A program logic outlined the intended impacts of the trial.

A theory of change and program logic was developed by the DTA Copilot trial team in consultation with the Australian Centre for Evaluation.

A theory of change describes, at a high level, how program activities will lead to the program’s intended outcomes. The following program logic expands on the theory of change, articulating in more detail the relationship between desired outcomes and the required inputs, activities and outputs.

Inputs

The foundation of the framework consists of inputs, which include:

staff time and resources
expenditure
copilot licences
Microsoft contract.

Activities

The activities build upon the inputs and are designed to facilitate the use of Copilot:

Establishing groups in government teams to share experience and learnings with Copilot.
Establishing Copilot leads in each agency to ensure safe and responsible guidance is shared with users.
Microsoft providing training sessions on how to use Copilot.
Microsoft providing access to additional resources (guides and tutorials) and support to address issues.
Establishing an issues register to collect issues on benefits challenges and barriers to innovation.

Outputs

Outputs are the immediate results of these activities:

Staff/users are appropriately trained to engage with Copilot.
Copilot is regularly accessed by staff/users.
Sentiment is baselined amongst staff/users.
Ease of use is baselined among staff/users.
Issues register is actively populated.

Short-term outcomes

These are the direct effects of the outputs in the short term:

Staff/users have increased confidence in the use of Copilot.
Improvements to productivity from regular access and use.
Improved sentiment reported from regular access.
Unintended outcomes are identified and catalogued.

Medium-term outcomes

The medium-term outcomes reflect the sustained impact of the short-term outcomes:

Consistent use of Copilot in day-to-day work as an embedded capability.
Expectations of staff/users are met.
Treatment actions are scoped for the catalogued unintended outcomes.

Long-term outcomes

The ultimate goals of the framework are the long-term outcomes:

Improved understanding of Copilot and its safe use.
More time available for higher priority work.
Increased staff satisfaction.
Unintended Copilot outcomes and challenges identified and mitigated.

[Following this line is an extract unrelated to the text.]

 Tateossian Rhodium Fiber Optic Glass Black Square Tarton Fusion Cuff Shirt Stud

Key evaluation questions guided data collection and analysis.

Nous developed key evaluation questions to structure the data collection and analysis. The key evaluation questions at Table 9 are based on the 4 evaluation objectives and informed the design of focus groups, the post-use survey and final evaluation report.

Table 9 | Overview of key evaluation questions
	Evaluation objective	Key lines of enquiry
Employee related outcomes	Determine whether Microsoft 365 Copilot, as an example of generative AI, benefits APS productivity in terms of efficiency, output quality, process improvements and agency ability to deliver on priorities.	What are the perceived effects of Copilot on APS employees?
Productivity	Evaluate APS staff sentiment about the use of Copilot.	What are the perceived productivity benefits of Copilot?
Whole-of-government adoption of generative AI	Determine whether and to what extent Microsoft 365 Copilot as an example of generative AI can be implemented in a safe and responsible way across government.	What are the identified adoption challenges of Copilot, as an example of generative AI, in the APS in the short and long term?
Unintended outcomes	Identify and understand unintended benefits, consequences, or challenges of implementing Microsoft 365 Copilot, as an example of generative AI, and the implications on adoption of generative AI in the APS.	Are there any perceived unintended outcomes from the adoption of Copilot? Are there broader generative AI effects on the APS?

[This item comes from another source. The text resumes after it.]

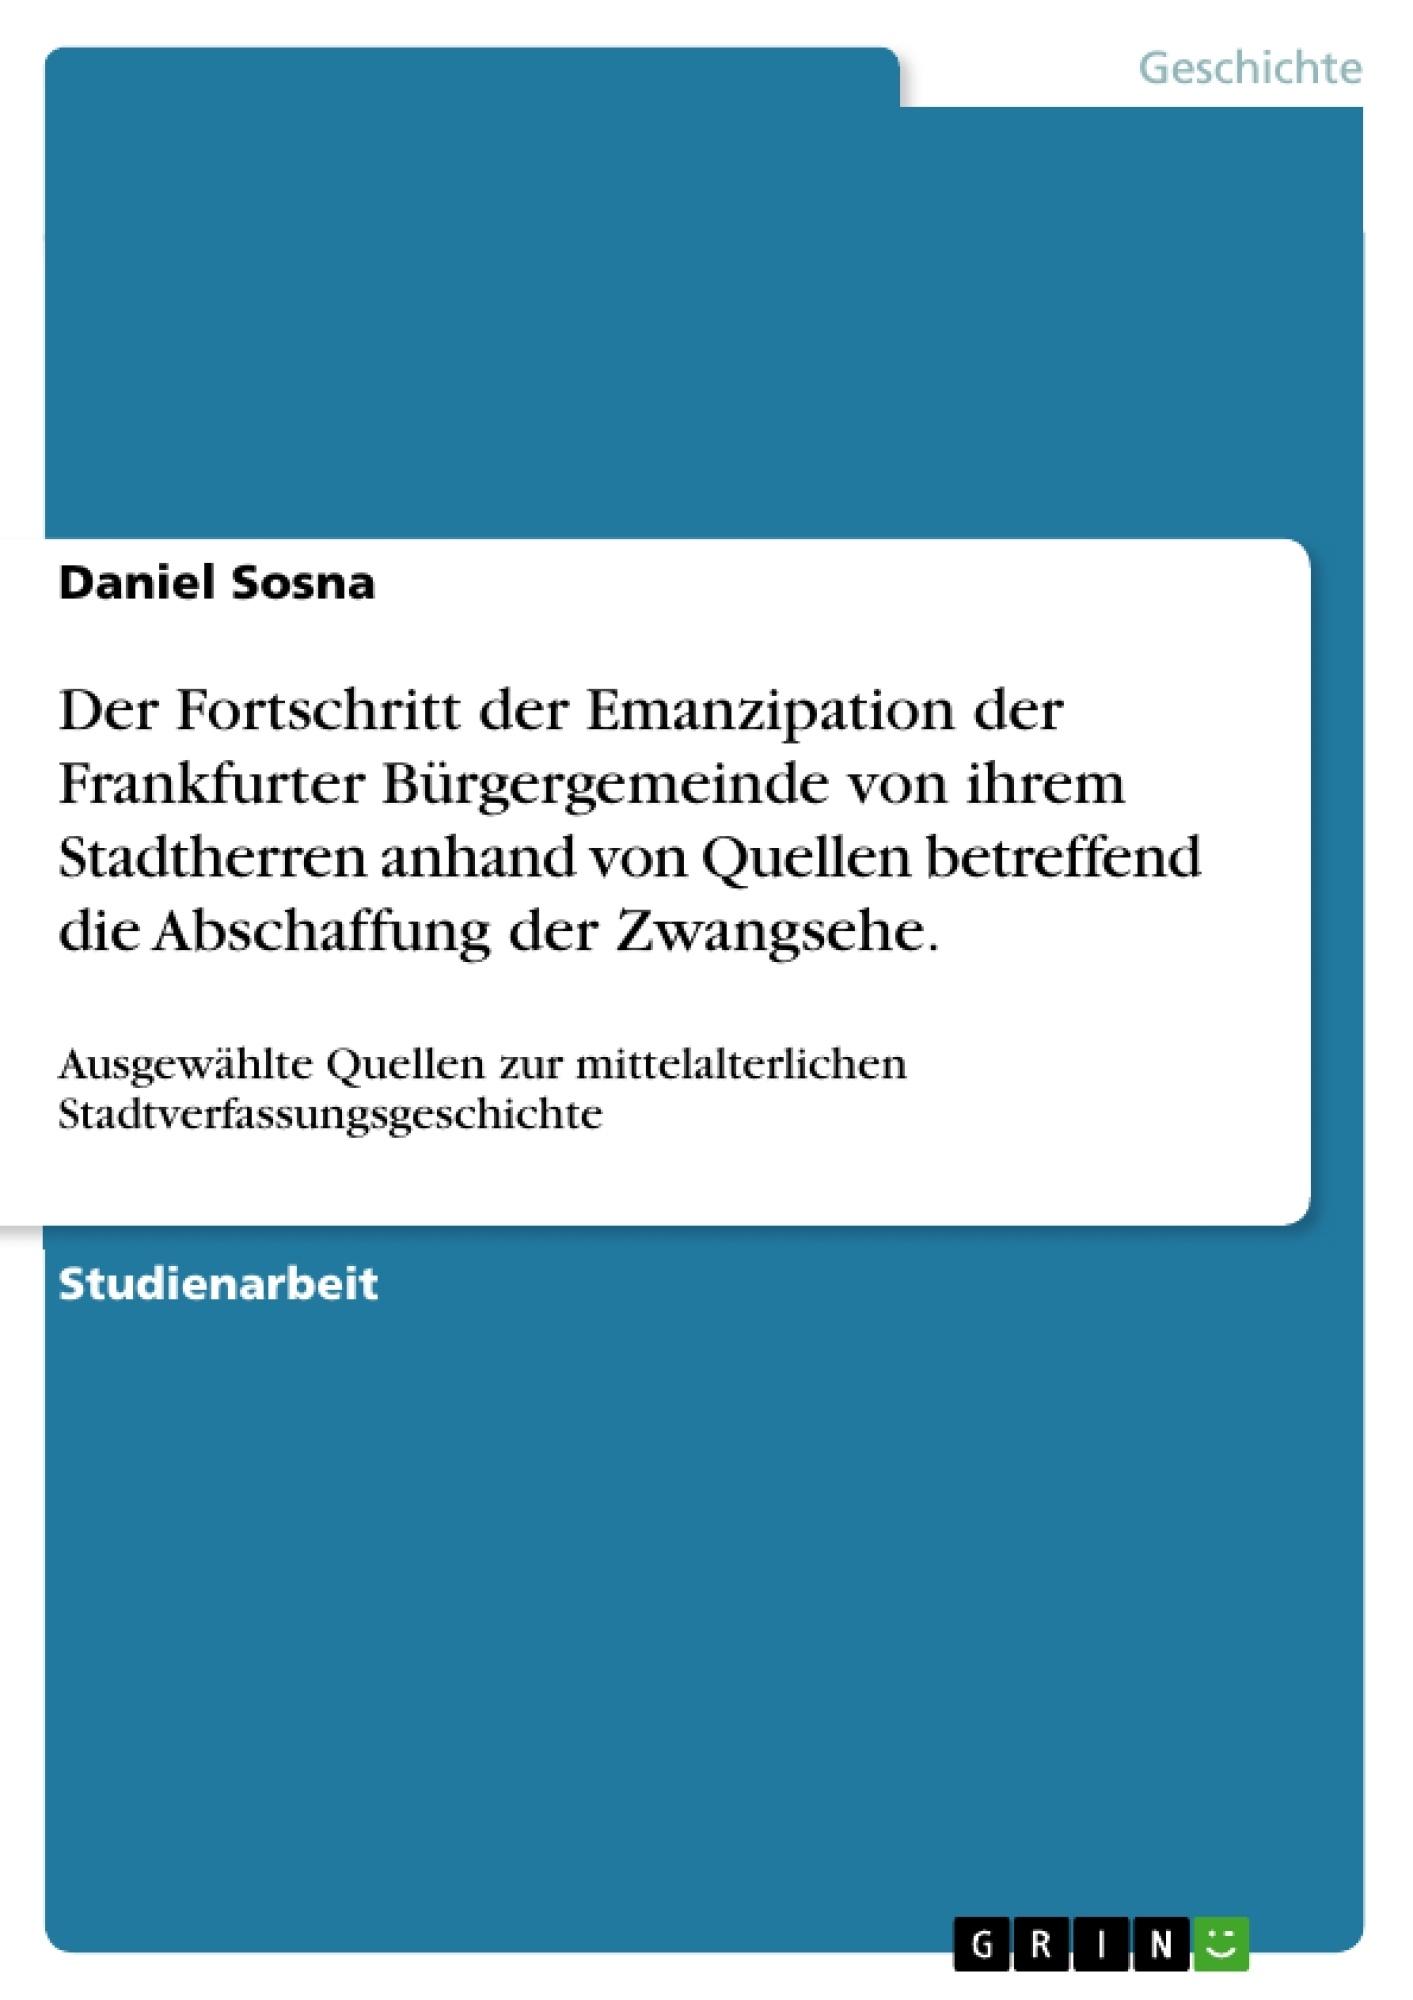 Titel: Der Fortschritt der Emanzipation der Frankfurter Bürgergemeinde von ihrem Stadtherren anhand von Quellen betreffend die Abschaffung der Zwangsehe.

B.2 Data collection and analysis approach

A mixed-methods evaluation approach was adopted to assess the perceived impact of Copilot and to understand participant experiences.

A mixed-methods approach – blending quantitative and qualitative data sources – was used to assess the effect of Copilot on the APS during the trial. Quantitative data identified trends on the usage and sentiment of Copilot, while qualitative data provided context and depth to the insights. Three key streams of data collection were conducted:

Document and data review

This involved analysis of existing data such as the Copilot issues register, existing agency feedback, agency-produced documentation e.g. agency Copilot evaluations and research papers.

Consultations

Delivery of focus groups with trial participants and interviews with select government agencies. Insights from DTA interview with participants were also incorporated into the evaluation.

Surveys

Analysis of the pre-use and pulse survey in addition to the design and delivery of a post-use survey.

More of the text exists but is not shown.